- [Task]
From the first line to the last, copy the listing exactly and omit the pictures.

- [Data shown]
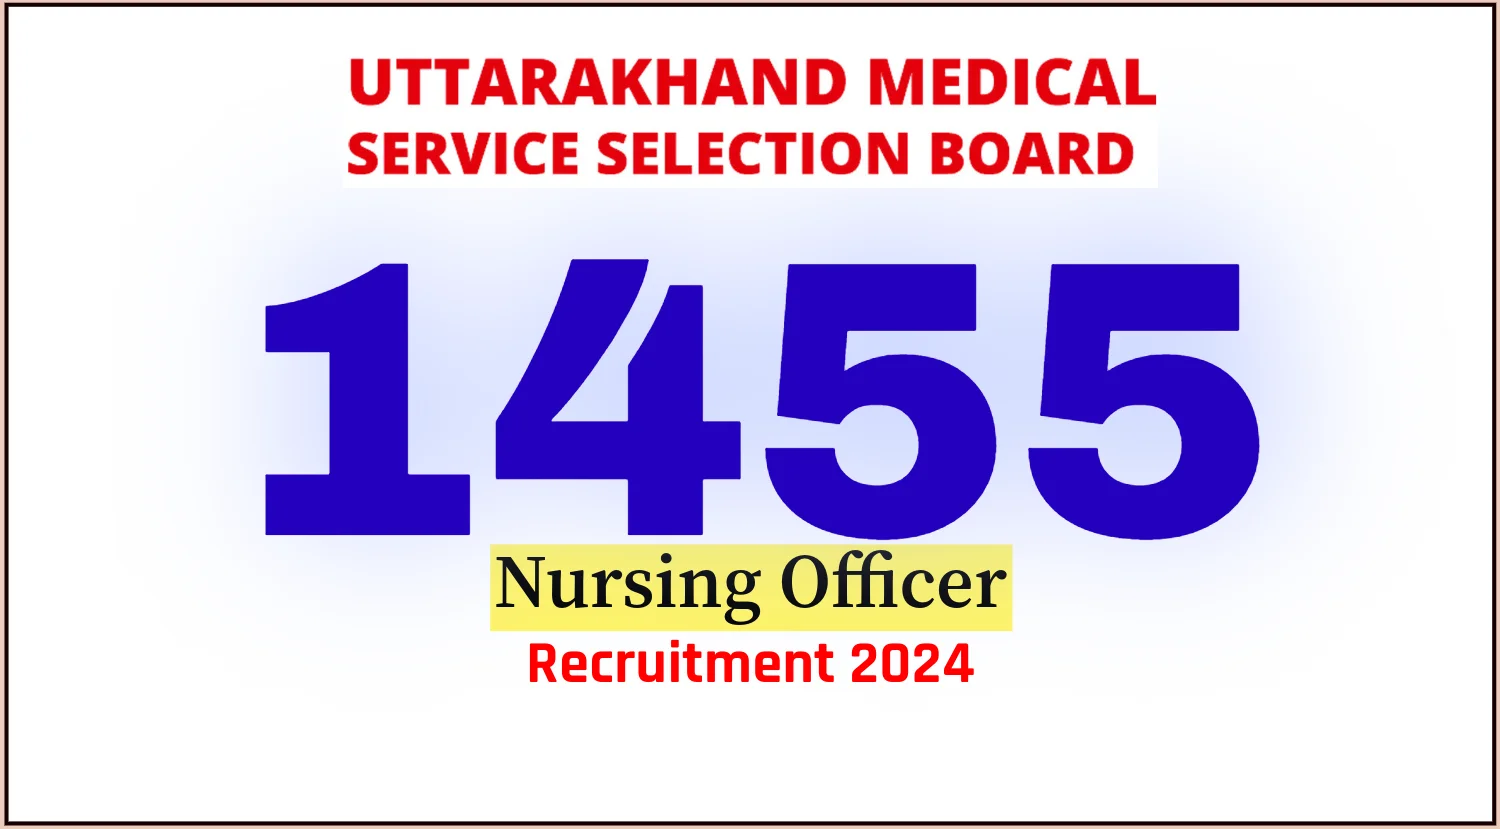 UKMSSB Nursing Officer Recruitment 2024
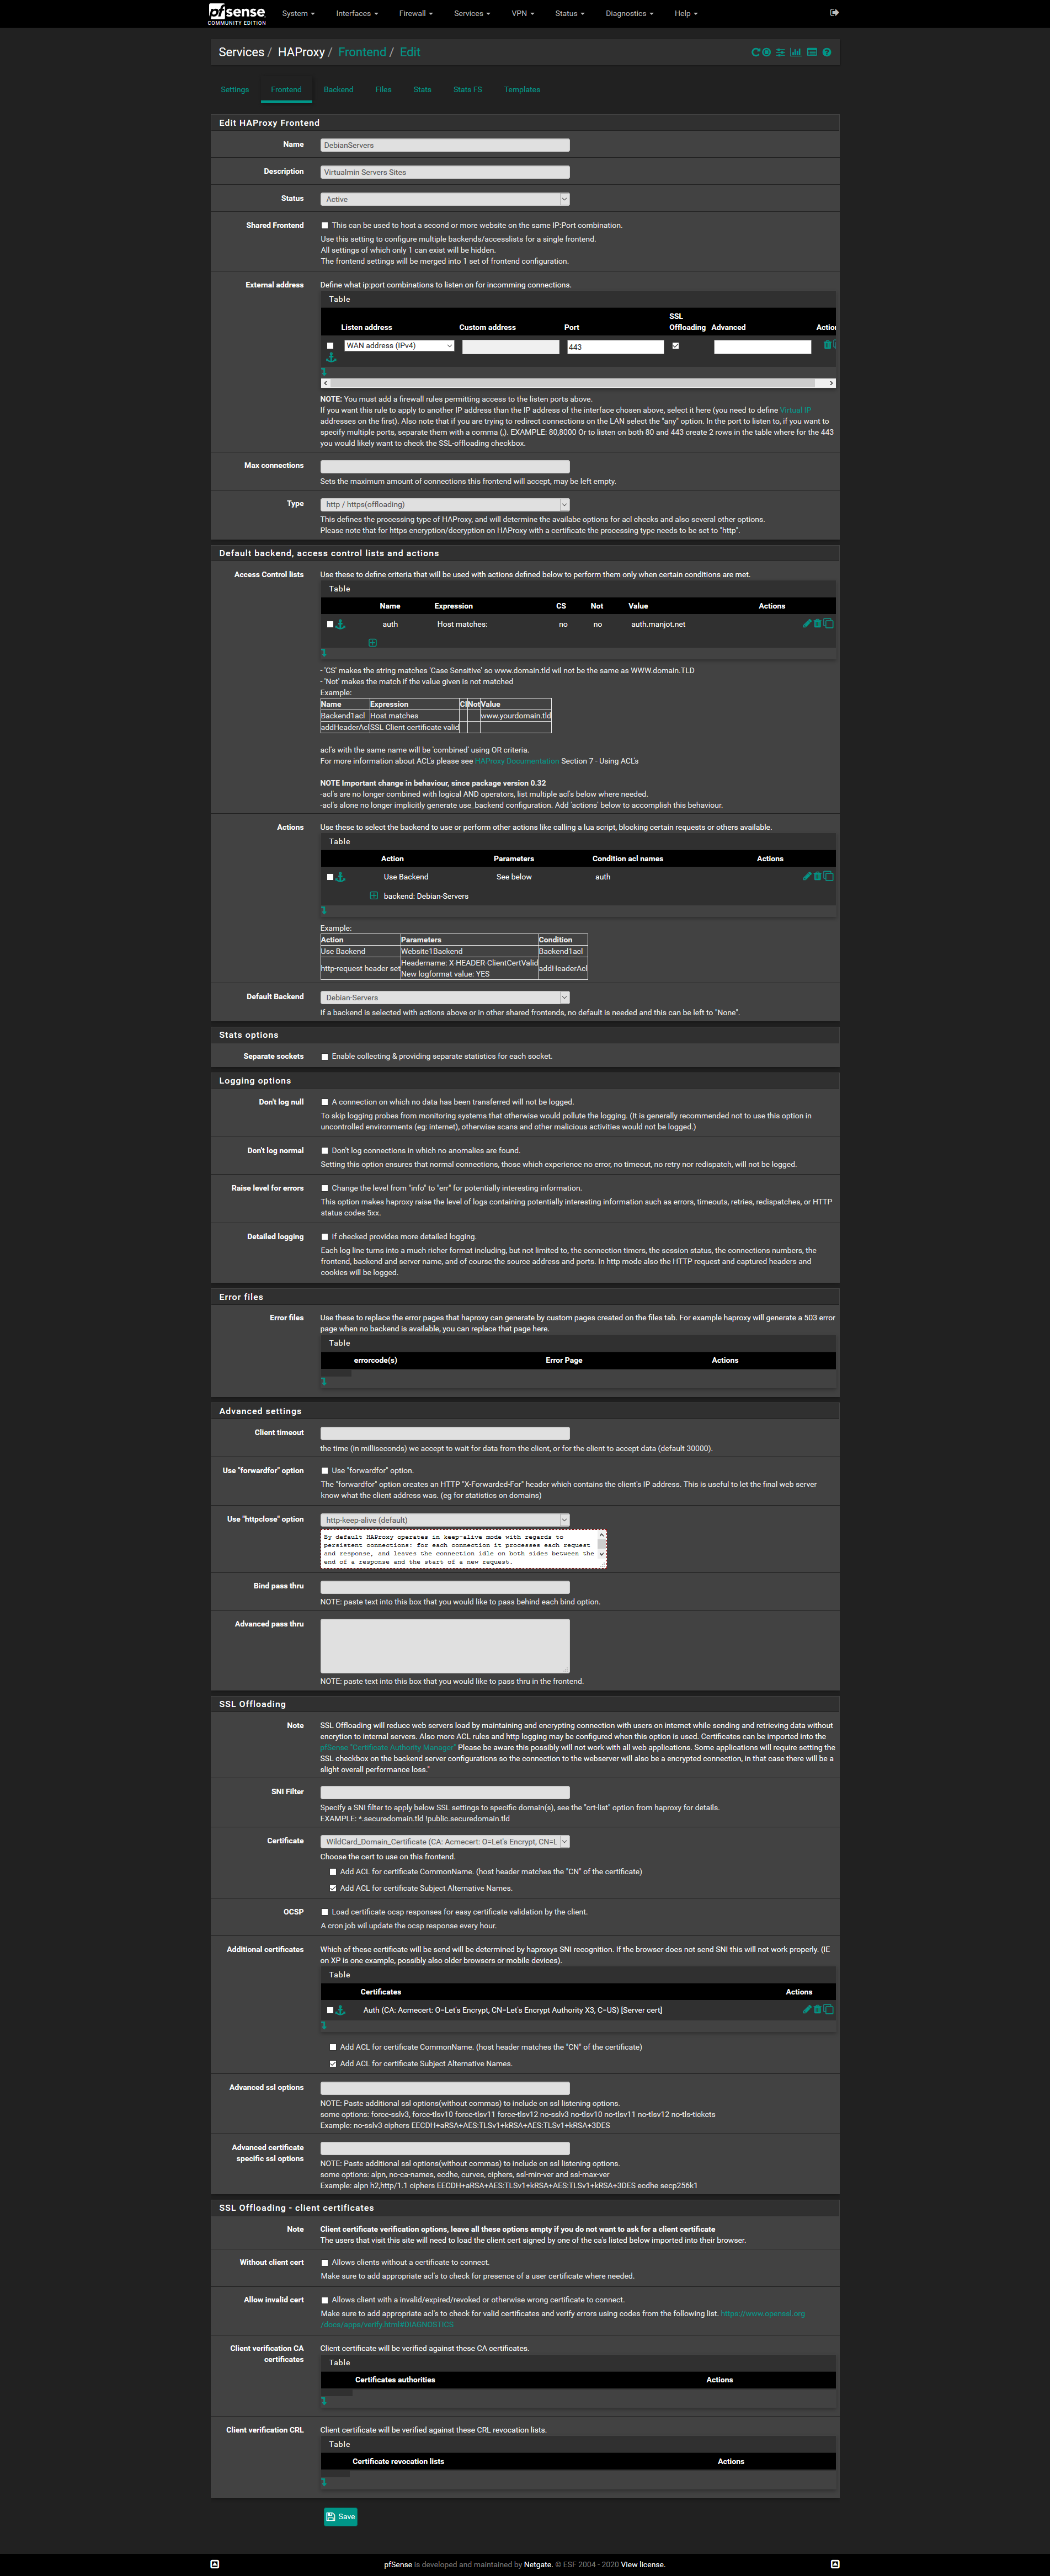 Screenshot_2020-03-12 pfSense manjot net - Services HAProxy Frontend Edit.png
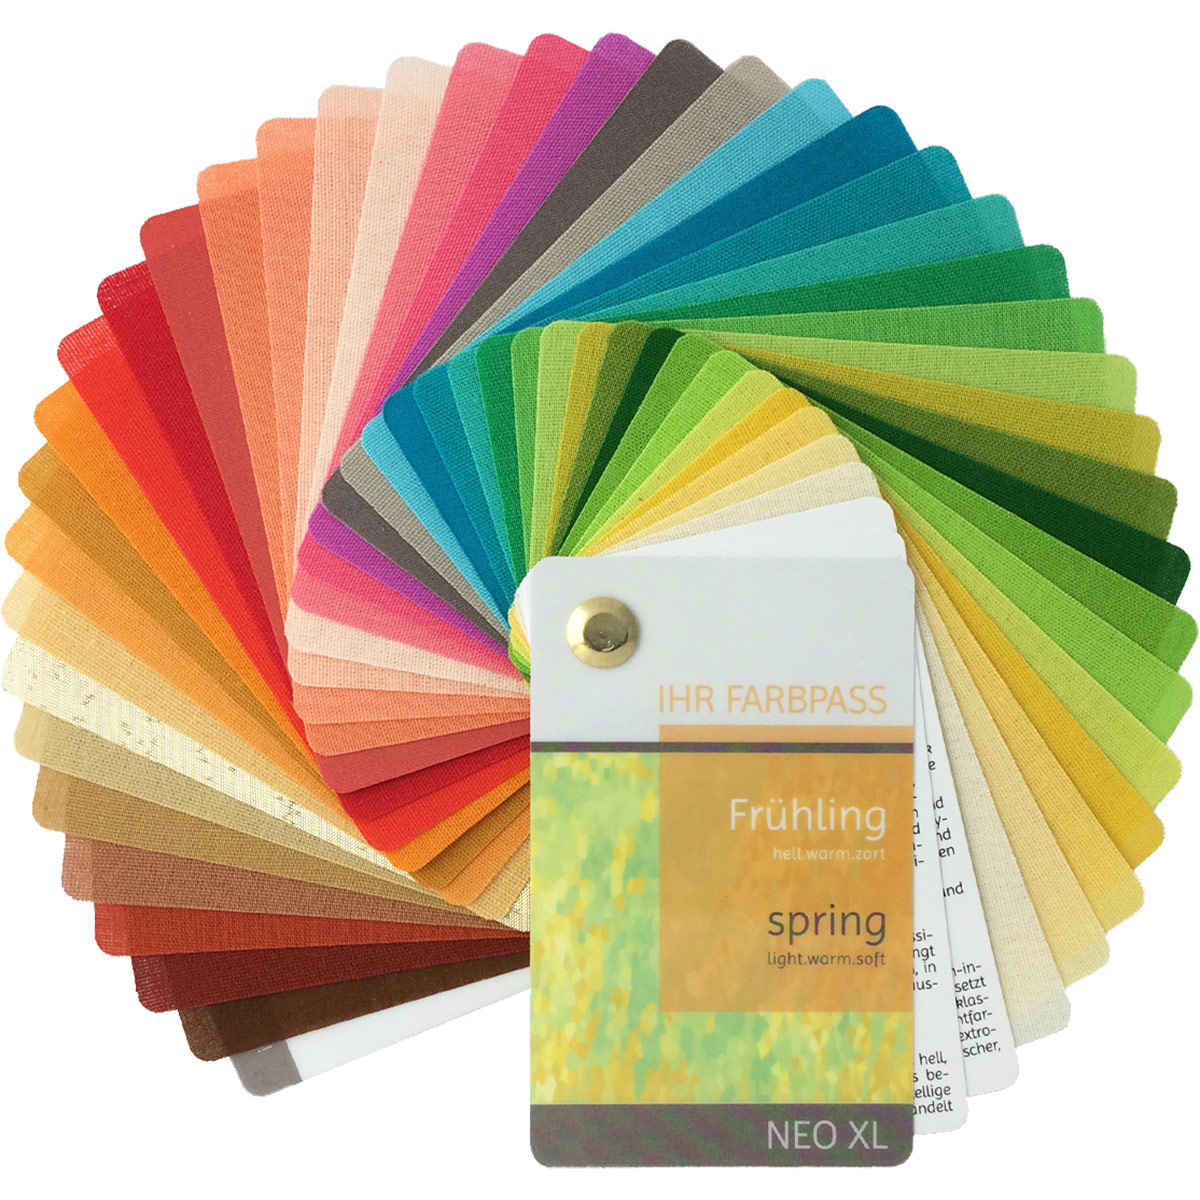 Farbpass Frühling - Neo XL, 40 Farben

- [Expected output]
 UKMSSB Nursing Officer Recruitment 2024
 Screenshot_2020-03-12 pfSense manjot net - Services HAProxy Frontend Edit.png
 Farbpass Frühling - Neo XL, 40 Farben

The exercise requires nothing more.